Fortune First, Fame Later or Aim for the Enterprise - voodookid
http://techcrunch.com/2011/08/27/aim-for-the-enterprise/

======
mindcrime
You know, I'm tempted to flag this on purely selfish grounds. I want this
article to disappear into the dust-bin of history and never be seen again.

Why?

Because I'm one of those weirdos that finds (most) consumer web apps to be
inane and boring to the nth degree; and who is already all about building an
enterprise startup, and for (mostly) the exact reasons cited by this article.
And I don't want everybody and their brother jumping on the bandwagon! :-)

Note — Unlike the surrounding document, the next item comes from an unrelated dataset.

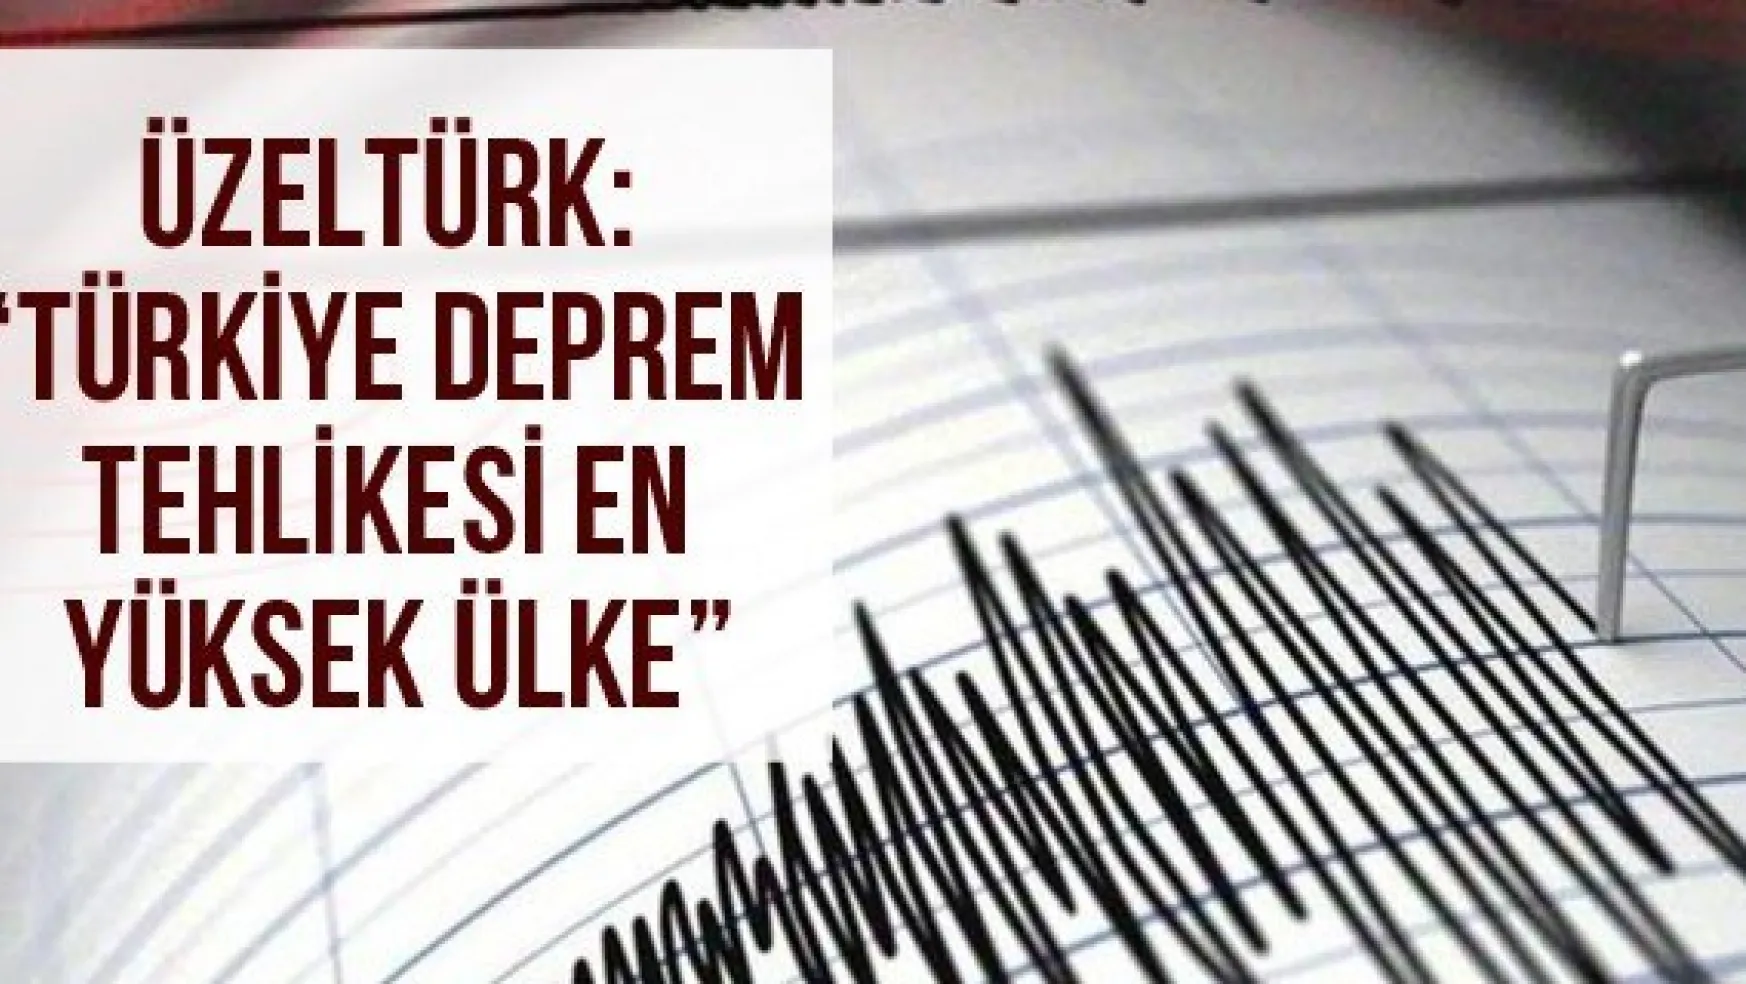 Üzeltürk: ' Türkiye Deprem Tehlikesi En Yüksek Ülke'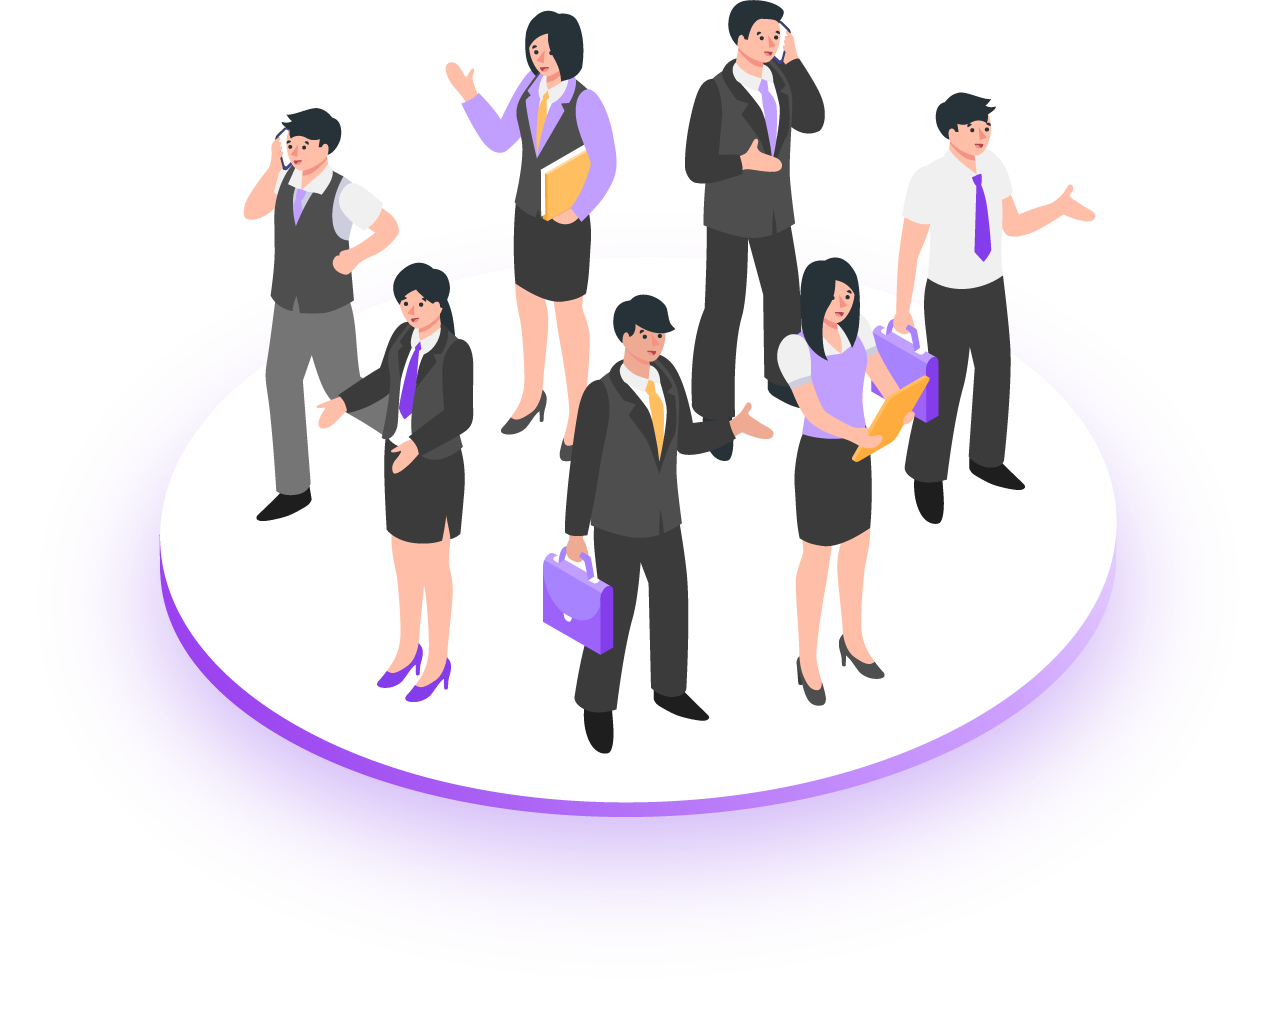 illustration vectorielle en isométrie de personnes en costumes sur un cercle blanc et violet.

Ok, ok, I'm being a little bit fascetious. I don't care that much about
competition, and
(God|Allah|Satan|Zeus|Zoroaster|Dionysus|FSM|$DEITY_OF_CHOICE)knows, I have
enough anyway though... Jive Software, Yammer, Clearvale, Microsoft, IBM,
Cisco and others all offer products that are - if not direct competitors - at
least a viable substitute. Fortunately some of them offer complementary
products that support the overall ecosystem I'm working on. A few more
startups probably aren't a big deal.

Suffice it to say, I think this article hits on some very good points. Yes,
selling to the enterprise has it's own set of challenges, but it definitely
has it's advantages as well. The key point probably being "businesses spend
money."